EINSTEIN, ALBERT. Autograph letter signed ("Papa") to Eduard Einstein, n.p., 23 December 1927. 2 pages, 4to, 280 x 220 mm. (11 x 9 in.)
"CREATION REQUIRES ITS INDULGENCE"
A long, philosophical letter invoking Beethoven and Nietzsche, apparently in reply to a similar letter from the seventeen-year-old Eduard: "...Your axiom, 'life has no purpose which lies outside itself,' I agree with entirely, but having said this, one has not said enough. Life in the sense of our mere existence and functioning is not a worthy ideal, not even 'the happy life'...One must aim at the ideal of 'the beautiful life' while remaining fully aware that the decision as to what this actually constitutes must be left to the feelings. Men, who live in society, are pleased when they behold each other, share their burdens and direct their efforts to that which is in their hearts. For this effort is the source of joy, and this life a full life. For me, health, joy in intellectual and artistic creation, and humor are part of this...Life in the service of an idea can be good when the idea is life-giving and releases the individual from the shackle of the self, without precipitating him into another form of slavery. Science and art can have this effect...But I don't think that these efforts must lead to an unreadiness for life itself. Even water is a poison when one drowns in it. If the refinement of consciousness were equivalent to degeneration, then the development from fish to man would have to be regarded as a degenerative process, which is certainly not what you meant. One can be a joyous, vital creature, and at the same time be thoughtful and compassionate. You shouldn't become a caricature of an intellectual, but be spirited as well as active and open to enjoyment. The Greeks were right when they saw the ideal in the mean.

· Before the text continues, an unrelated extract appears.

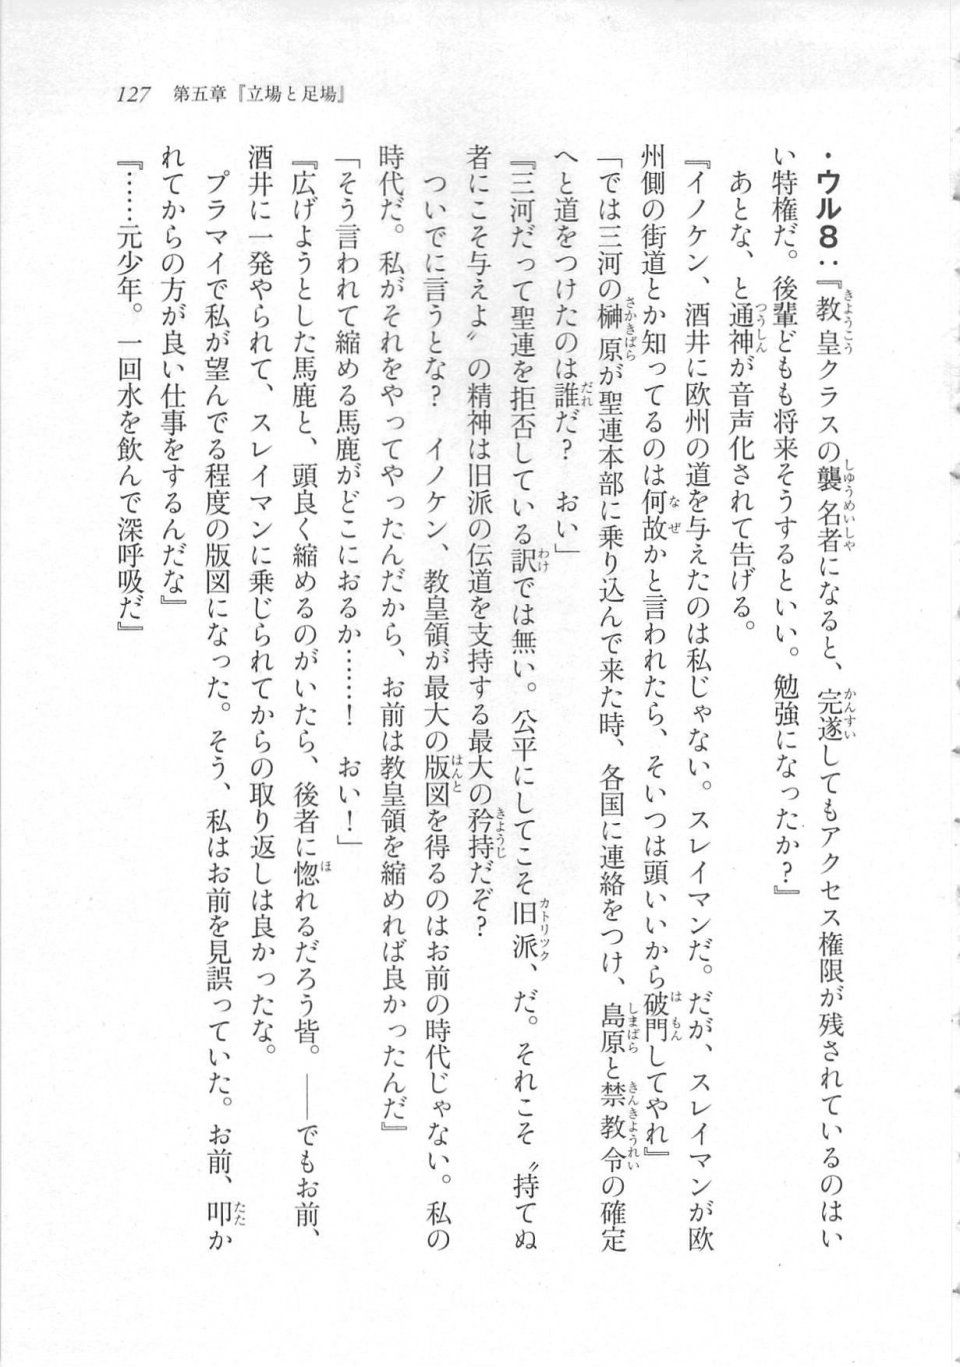 Kyoukai Senjou no Horizon LN Sidestory Vol 3 - Photo #131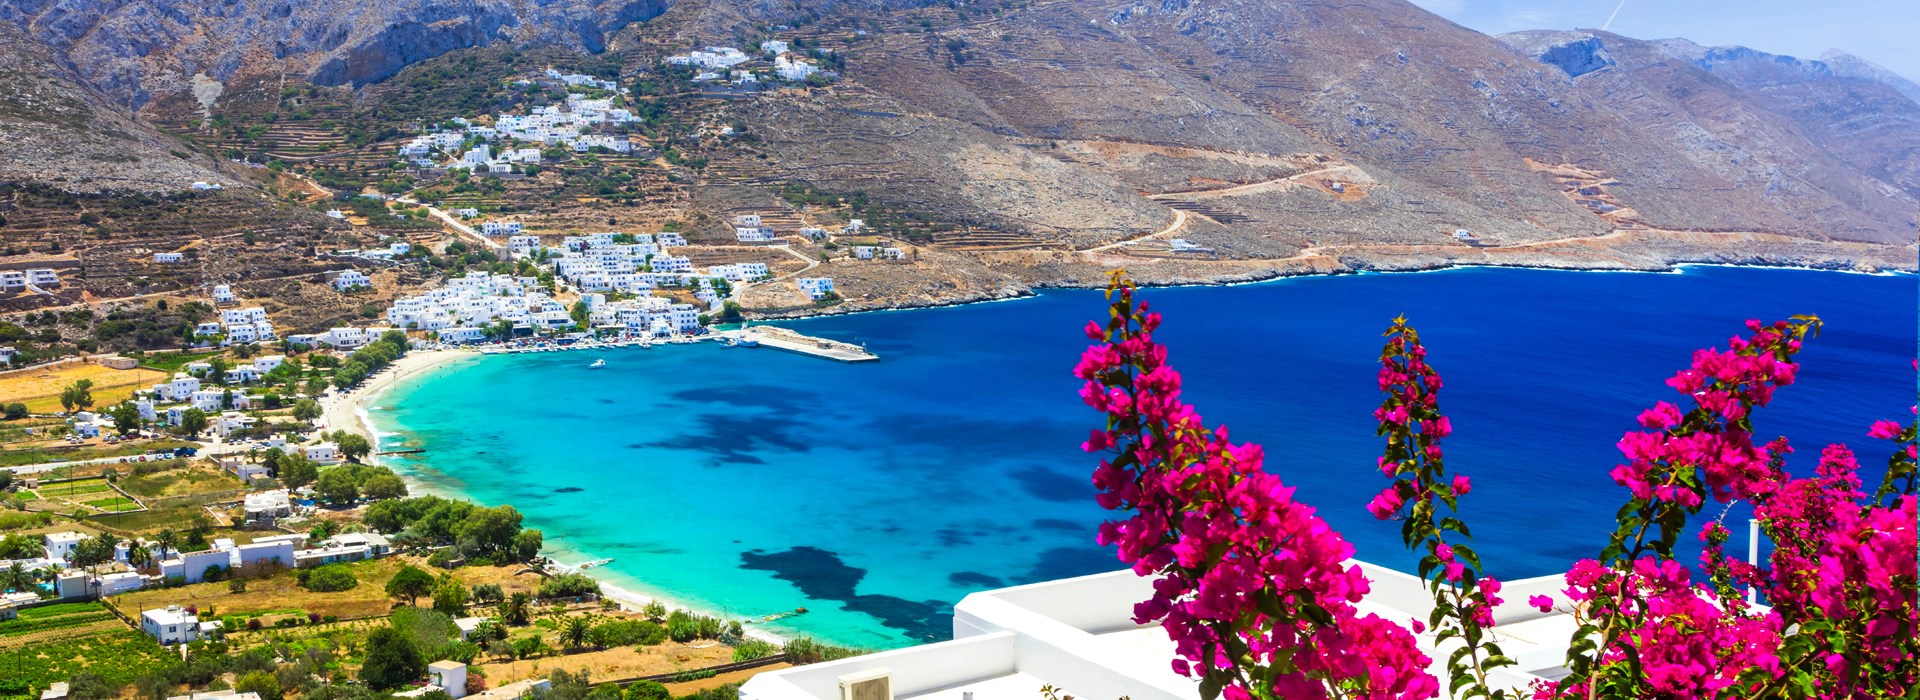 Visiter L'île d'Amorgos - Grèce

"I will not hear of natural hierarchy. Democracy and humanity are the natural consequences of sound social feeling. If you don't think abstractly, but consider the better examples among your fellow students and others whom you know, then you will see nothing of hierarchy. The man who is sound and feels harmoniously takes joy in his friends, his loved ones, his dog, and whatever else is crawling around, and takes pleasure in all sorts of happiness and all life, and takes everything as it is. The degeneration of the race is certainly undesirable and one of the worst things, therefore I cannot forgive Albert for his sin [his marriage to Frieda Knecht]. I instinctively avoid seeing him because I cannot be pleasant to him...In the end, to be sure, the process of intellectual and artistic creation and the begetting of children can, if necessary, be separated...However, I wouldn't want Beethoven to have left his works unwritten in favor of the latter activity. Creation requires its indulgence, if God is not to regret it. Neither you nor I can deny that a great part of morality is life-enhancing. However, what I prize in this cannot suppress the vital joy of being, as I observe it in good and happy fellow men. Hermits such as Nietzsche are not good judges in this domain."